**PROBLEM DESCRIPTION**
Reproduce the data below exactly. Skip the pictures.

**PROVIDED MATERIAL**
• • • •

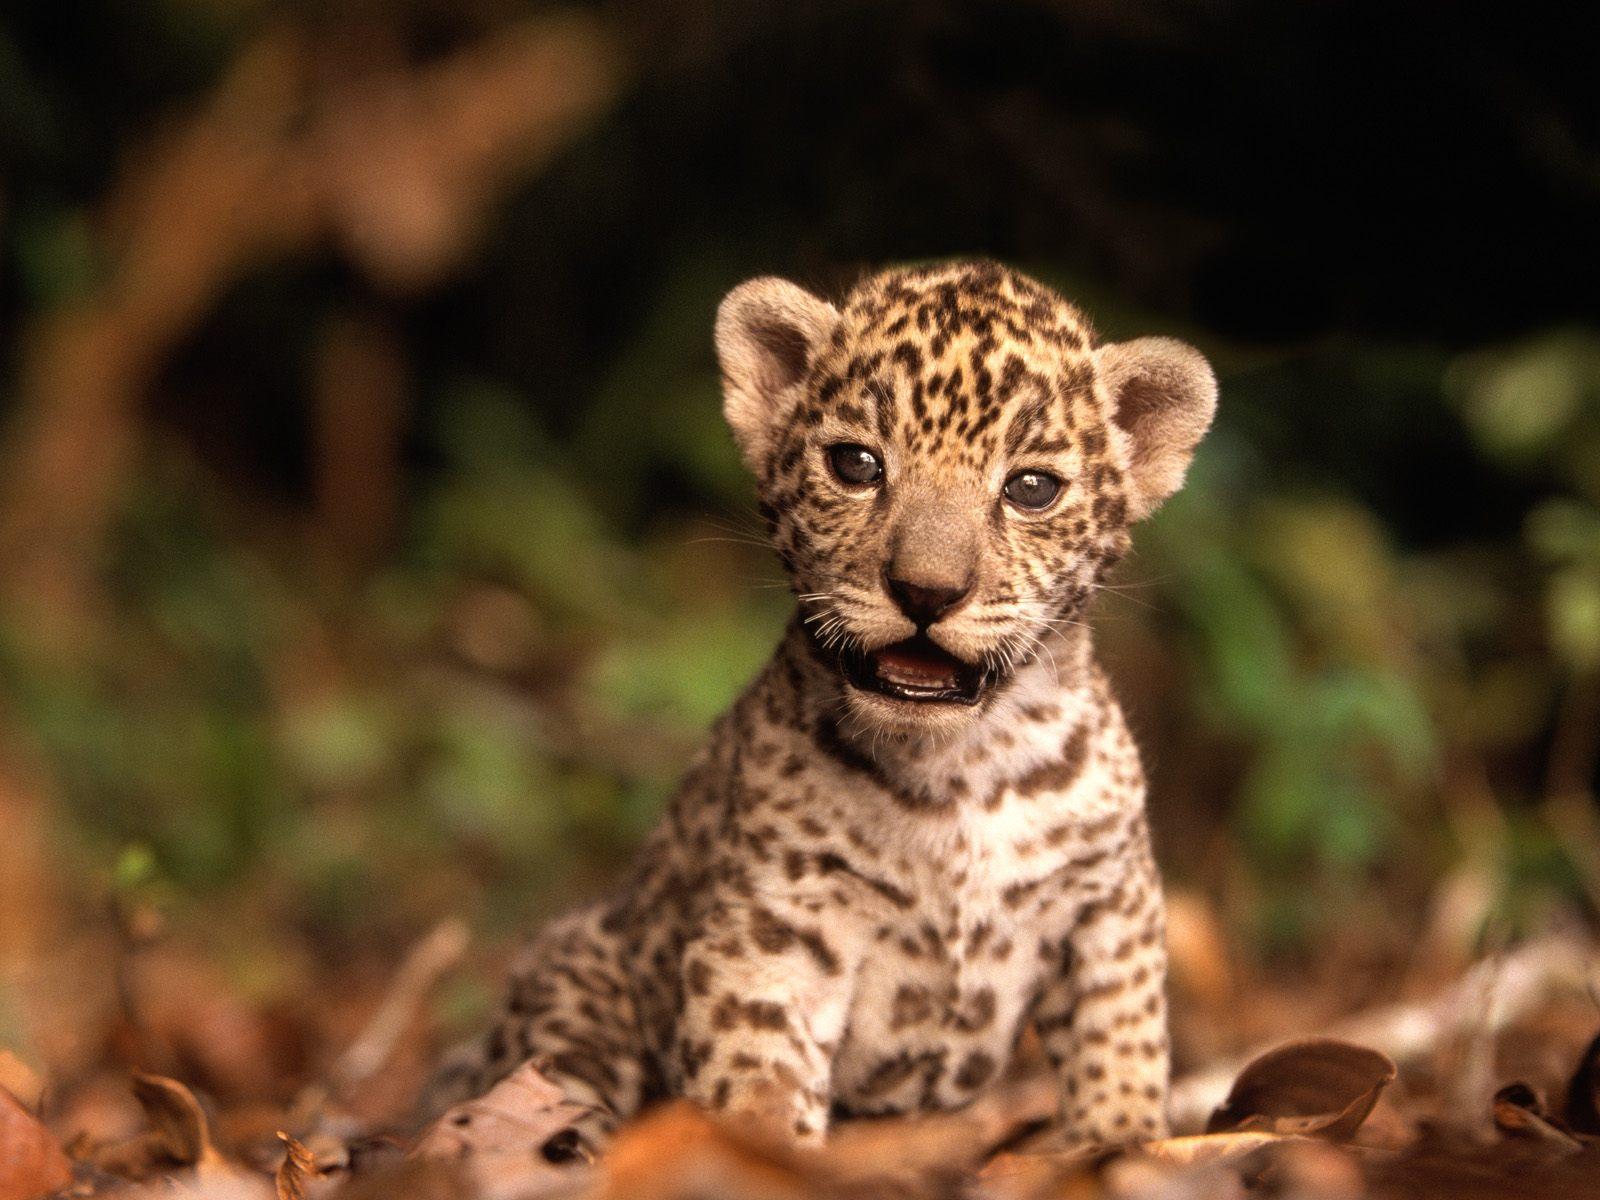 Beautiful Wallpapers: baby cheetah wallpaper
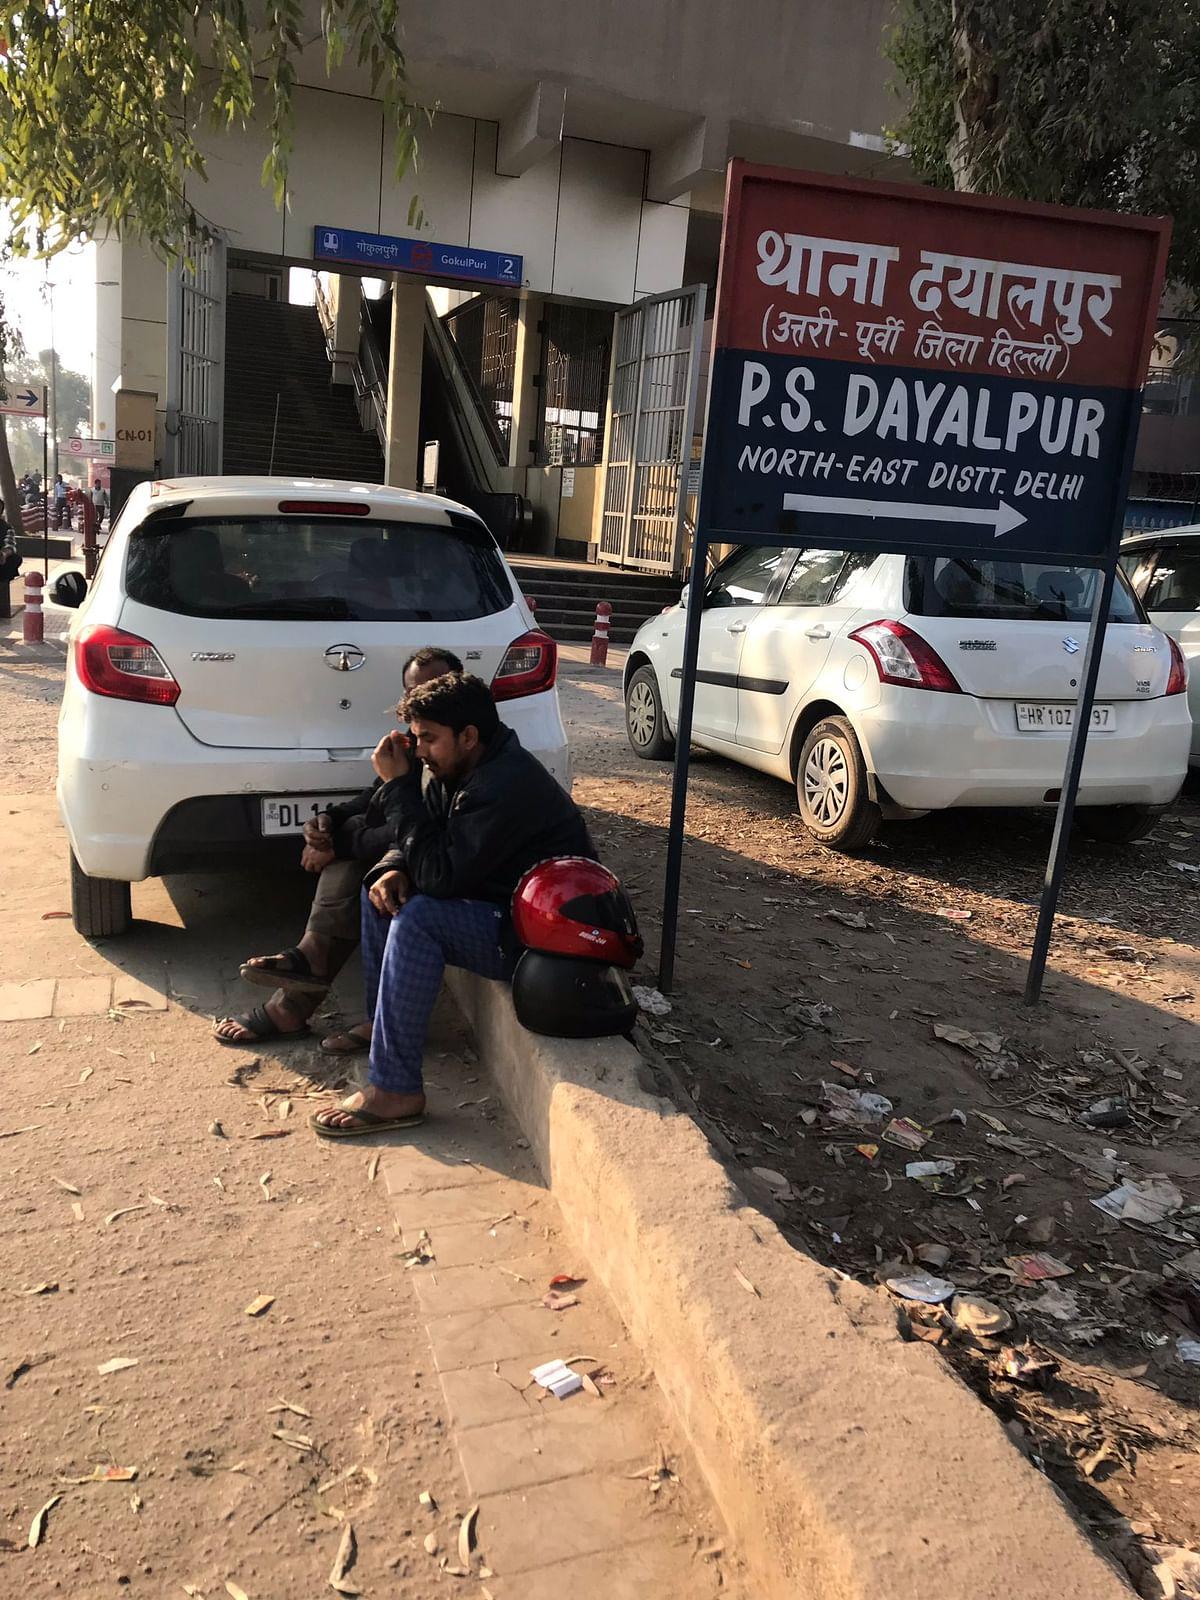 Dayalpur police station.
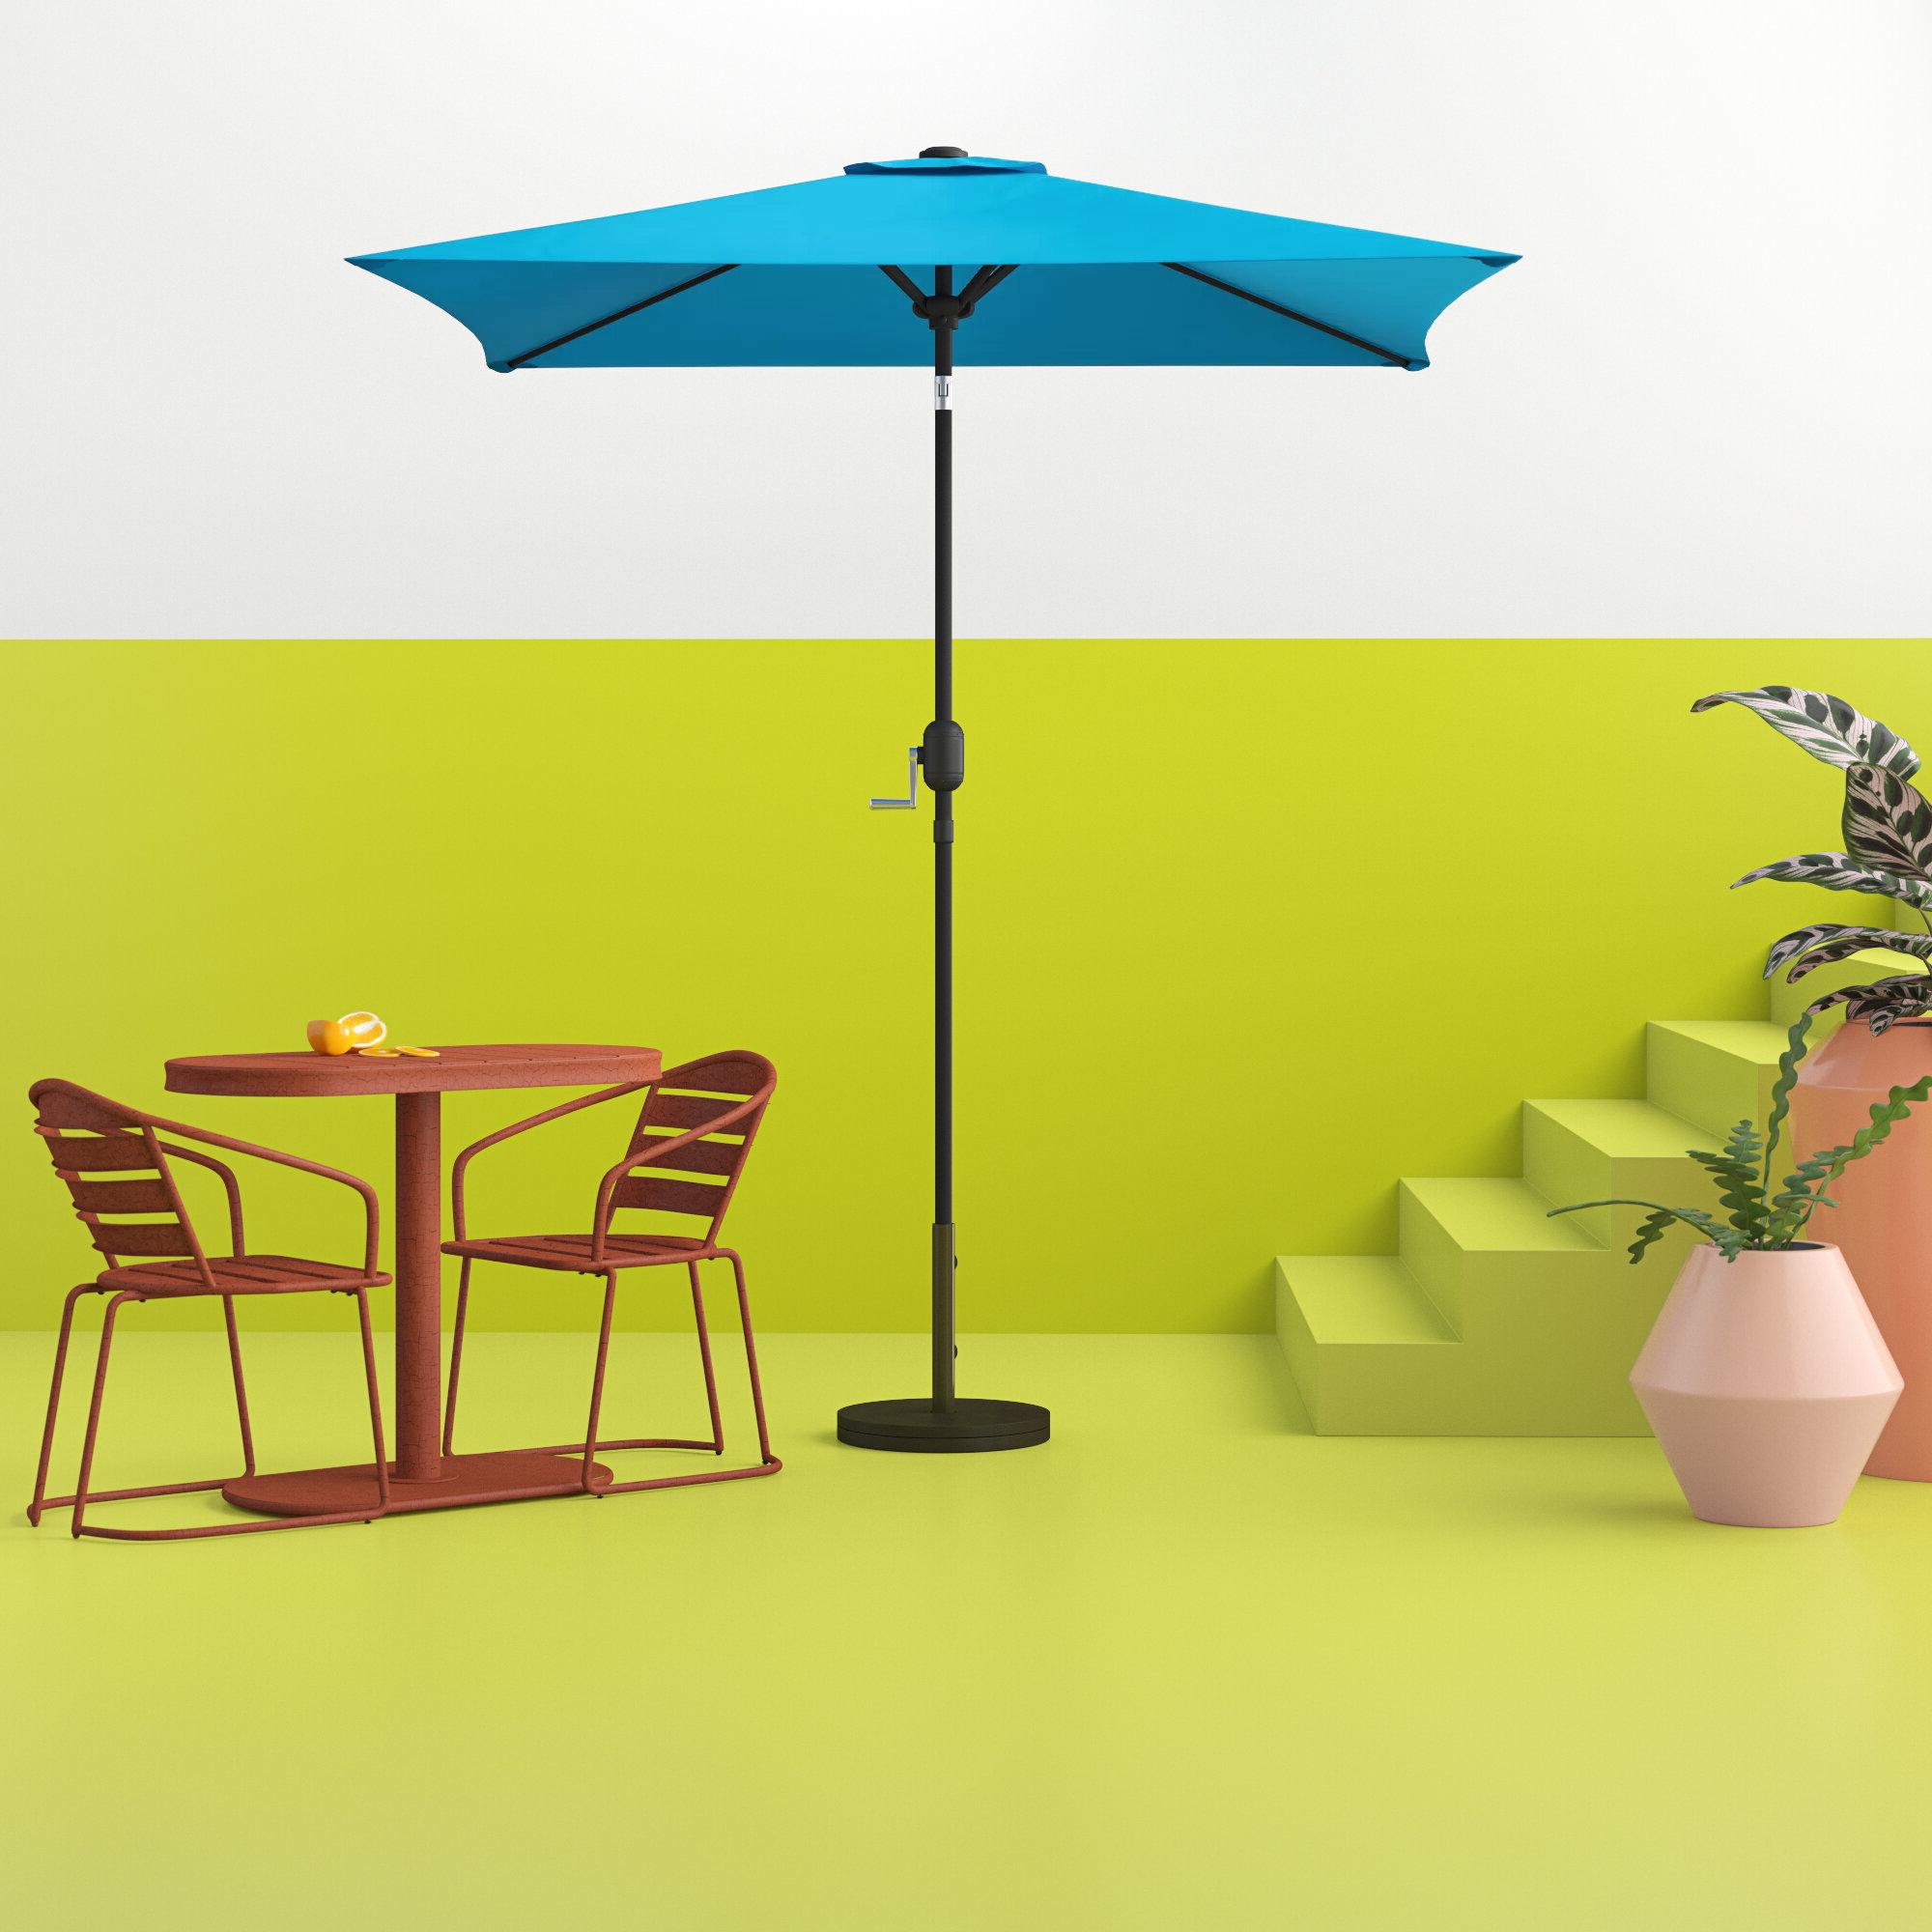 2019 Bradford Patiosquare Market Umbrellas Pertaining To Bradford Patio (View 2 of 20)

• • • •

**YOUR RESPONSE**
 Beautiful Wallpapers: baby cheetah wallpaper
 Dayalpur police station.
 2019 Bradford Patiosquare Market Umbrellas Pertaining To Bradford Patio (View 2 of 20)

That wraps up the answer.